→ WHAT TO WORK ON
Without changing a word, copy every line of the listing below and leave out the images.

→ INFORMATION PROVIDED
────────────────────
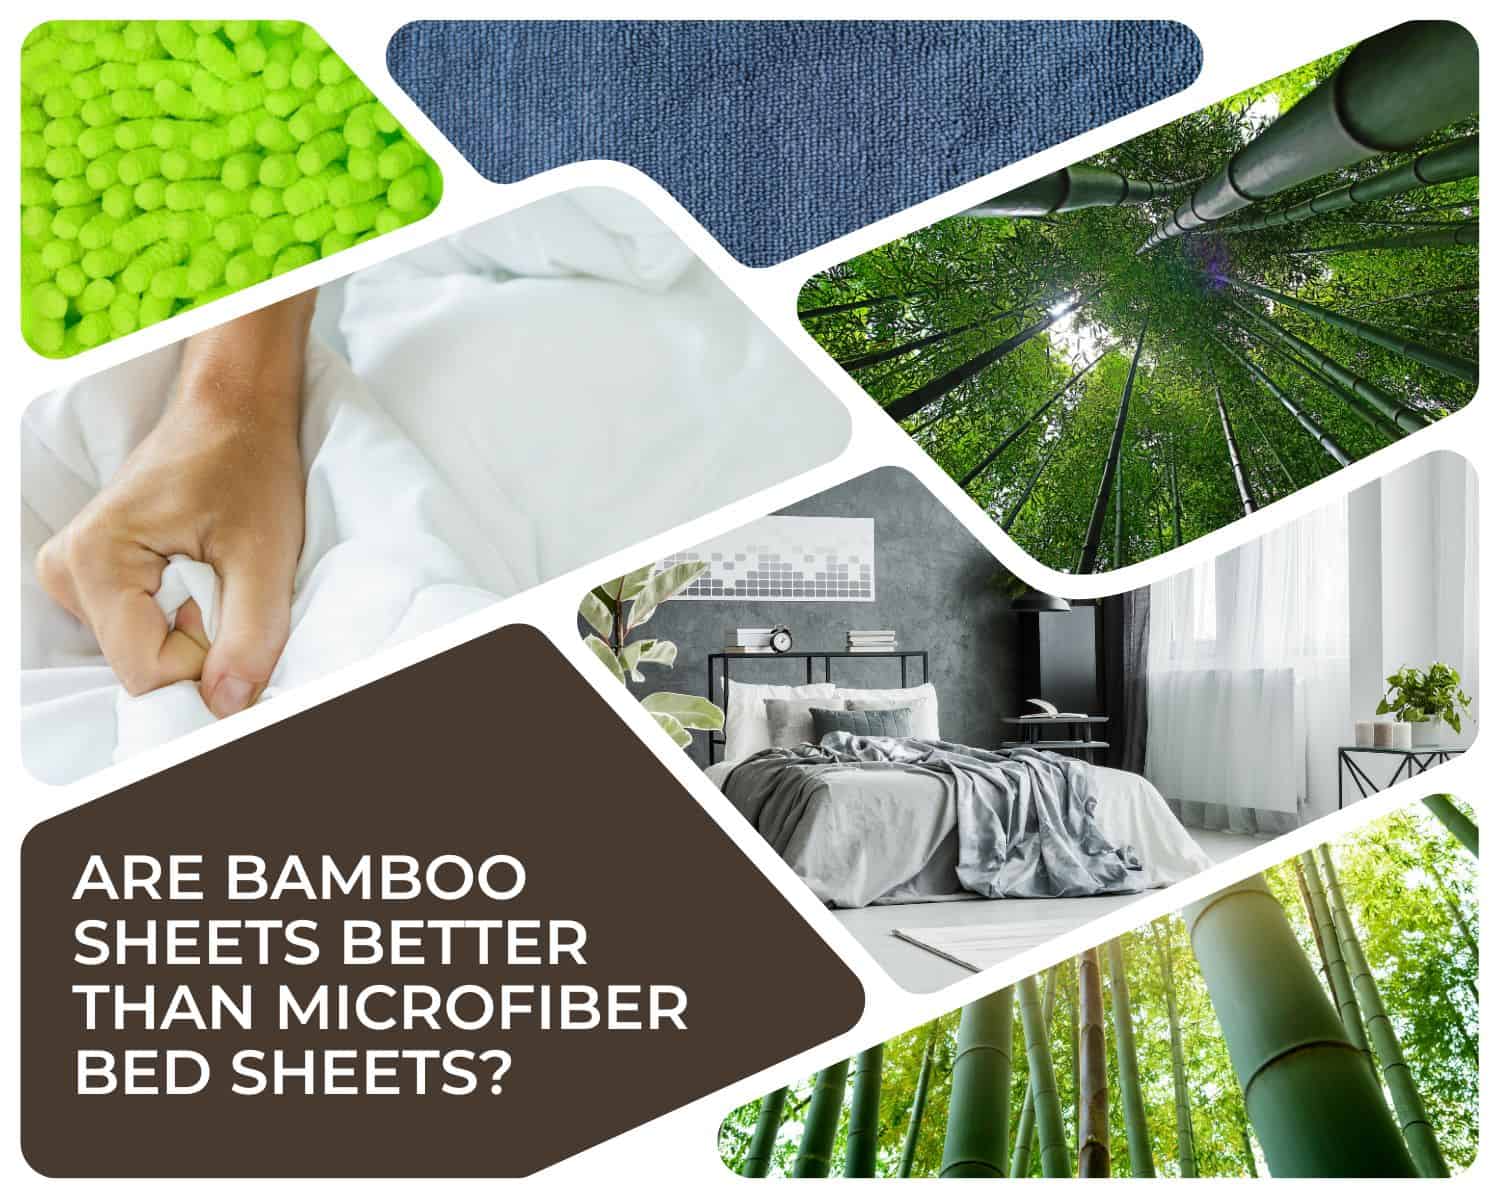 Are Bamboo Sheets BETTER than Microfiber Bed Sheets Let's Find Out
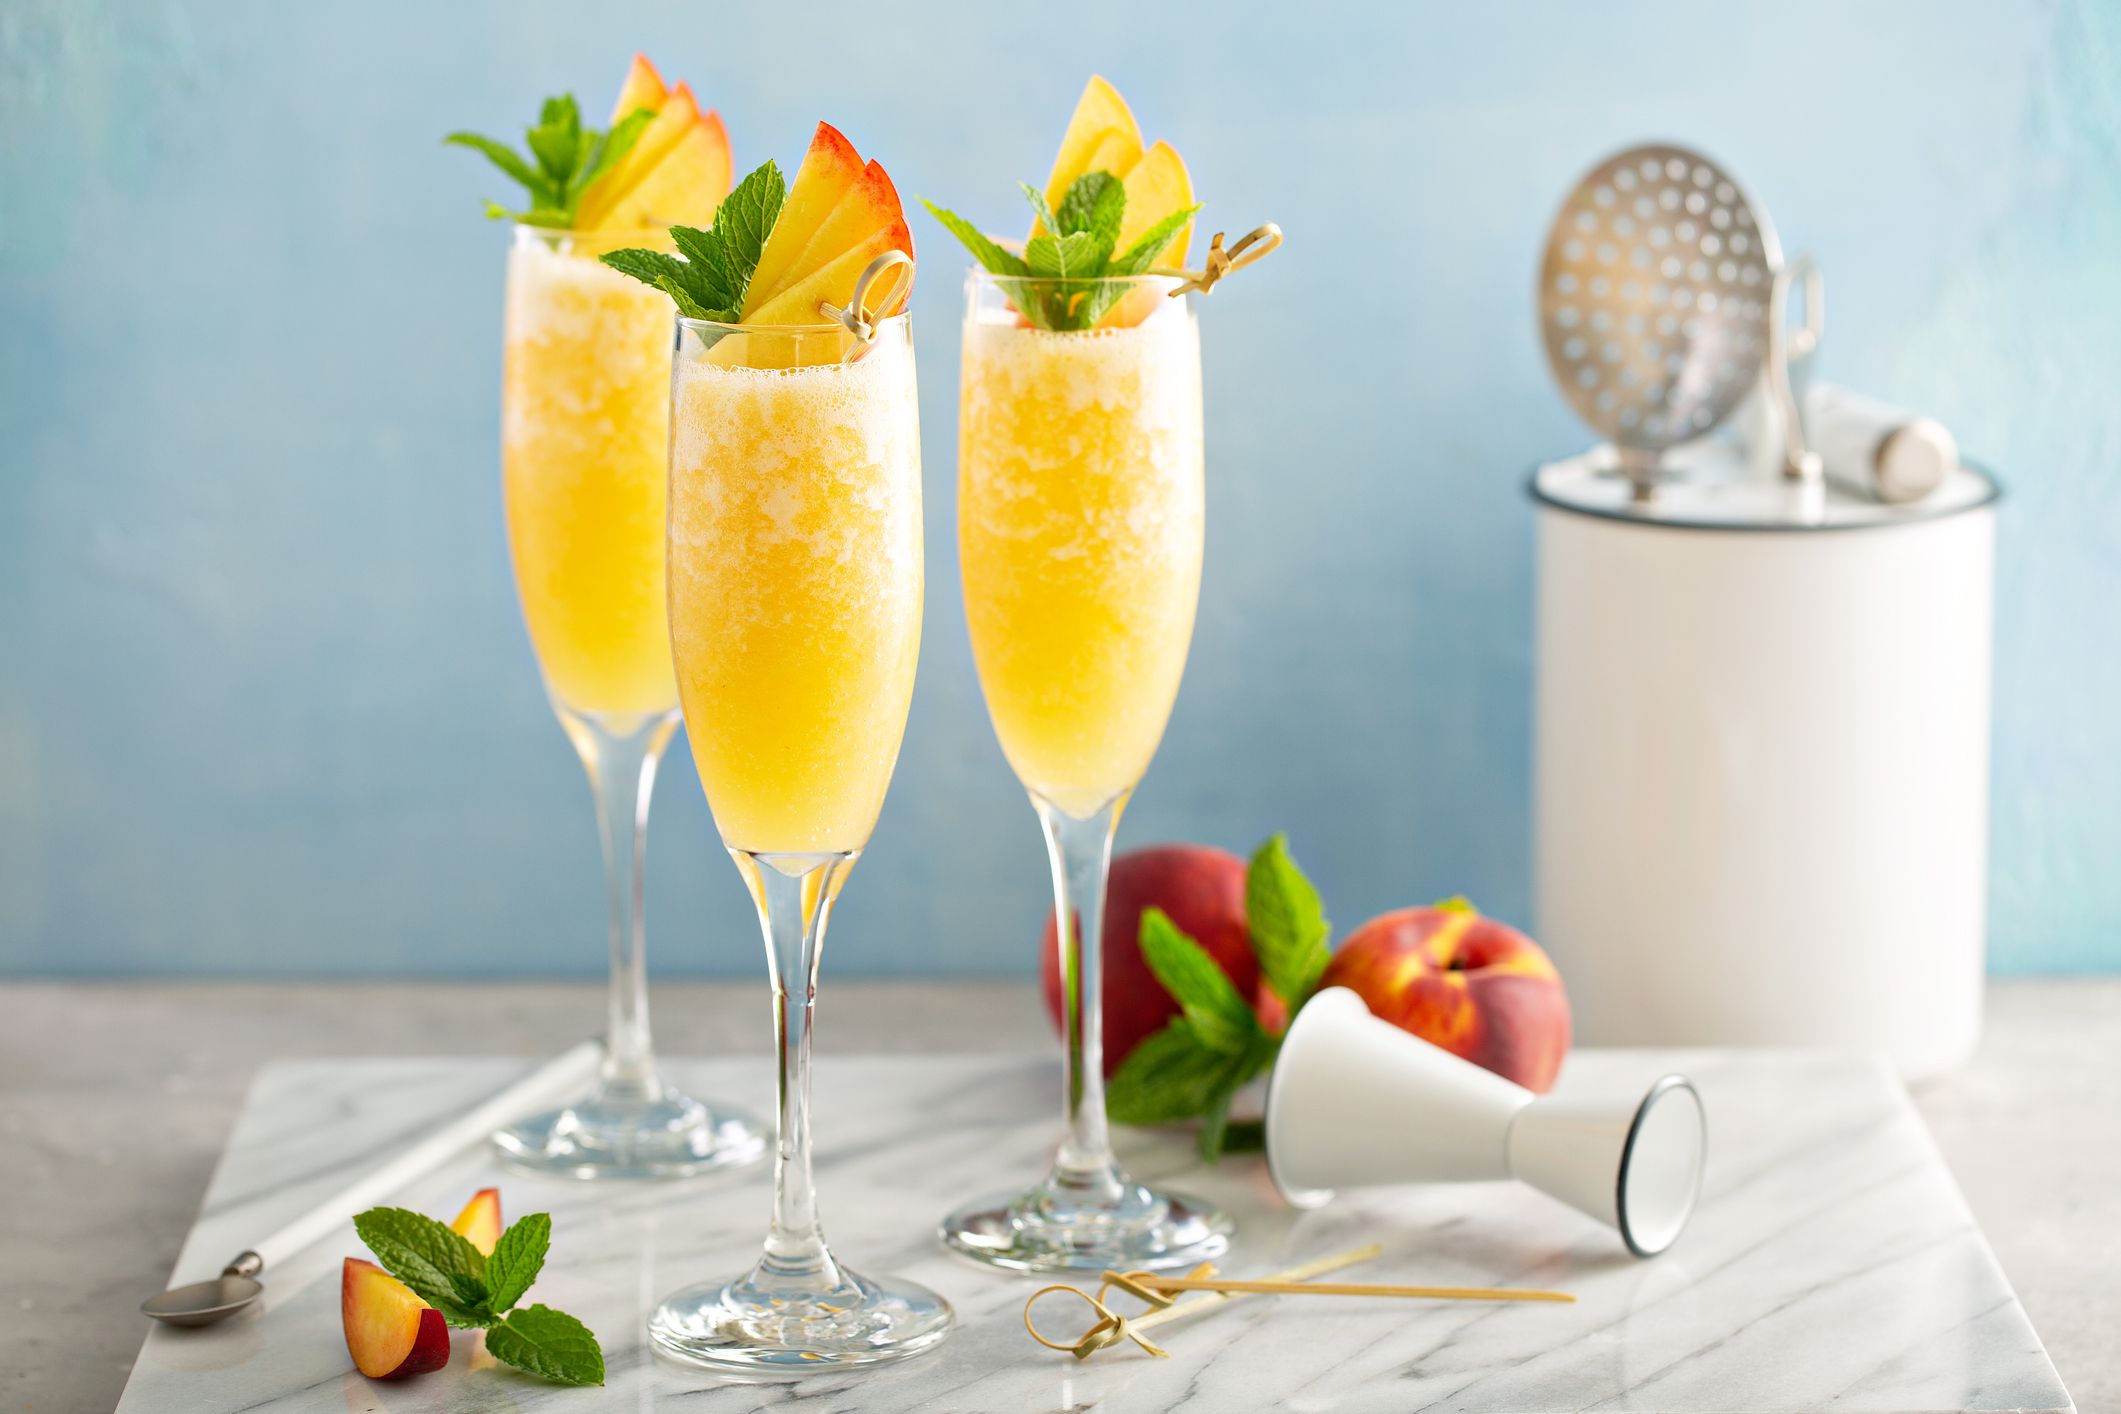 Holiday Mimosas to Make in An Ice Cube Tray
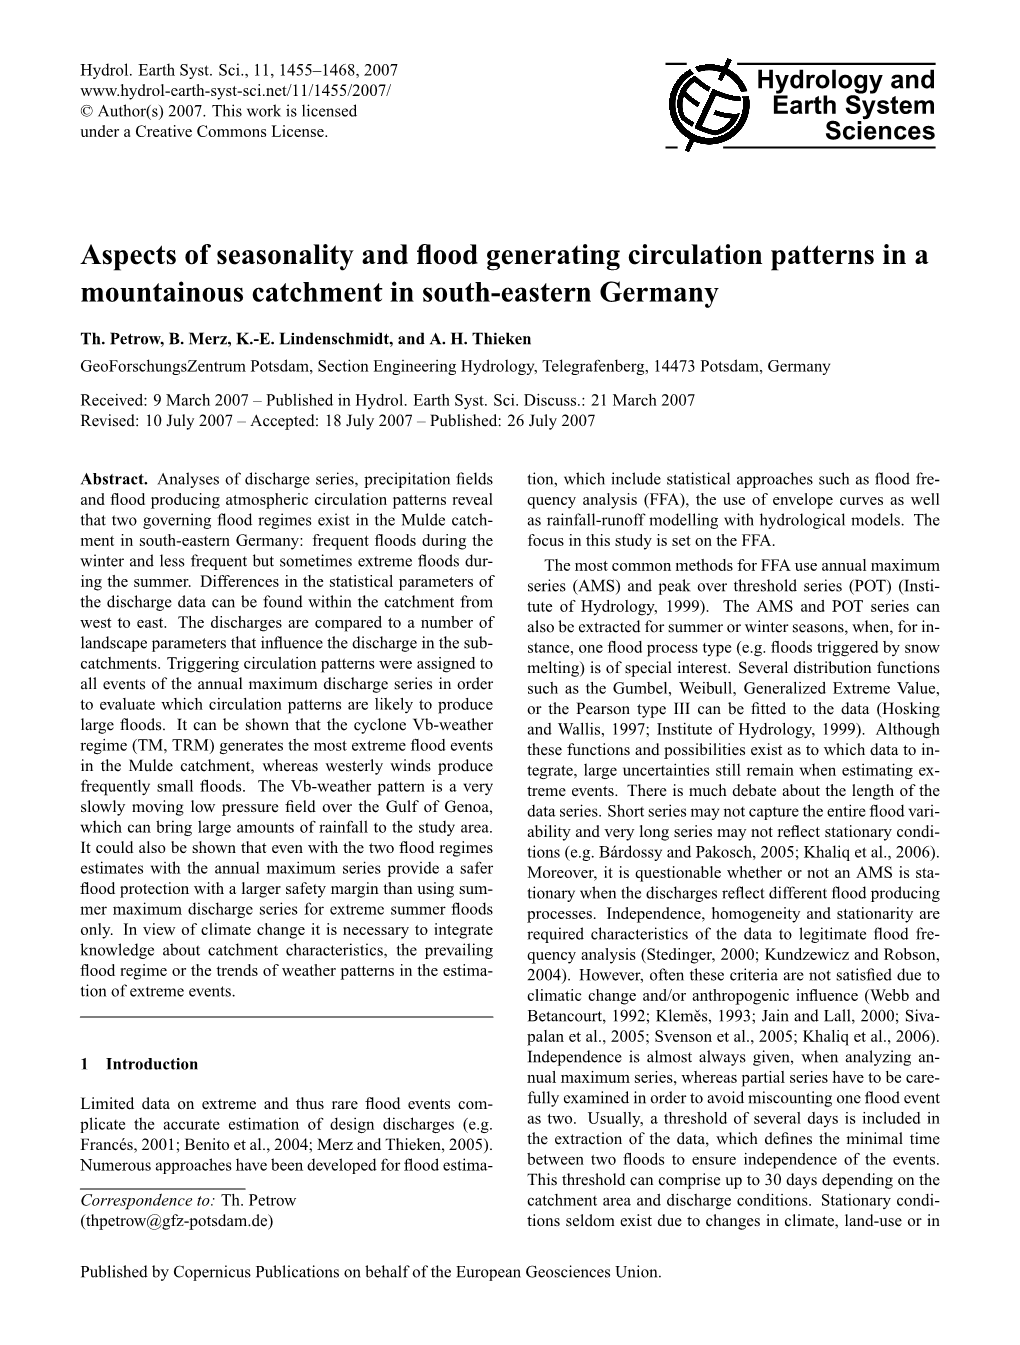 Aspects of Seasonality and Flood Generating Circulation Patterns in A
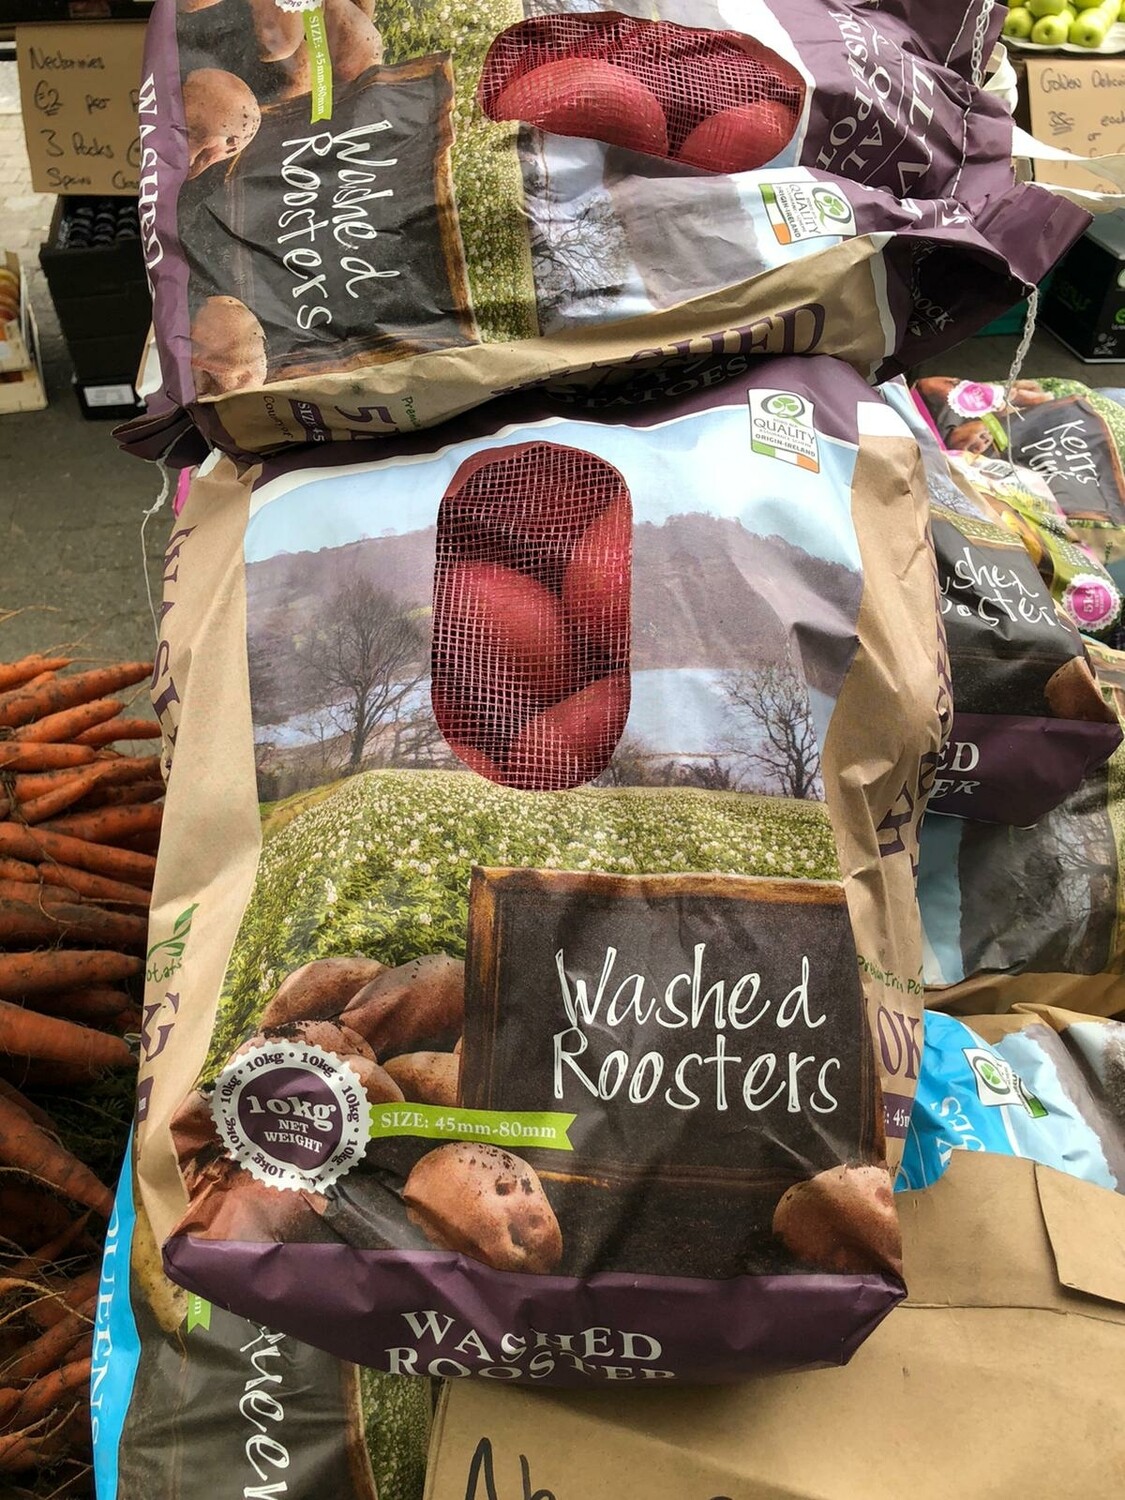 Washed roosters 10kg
────────────────────
→ ANSWER BELOW
 Are Bamboo Sheets BETTER than Microfiber Bed Sheets Let's Find Out
 Holiday Mimosas to Make in An Ice Cube Tray
 Aspects of Seasonality and Flood Generating Circulation Patterns in A
 Washed roosters 10kg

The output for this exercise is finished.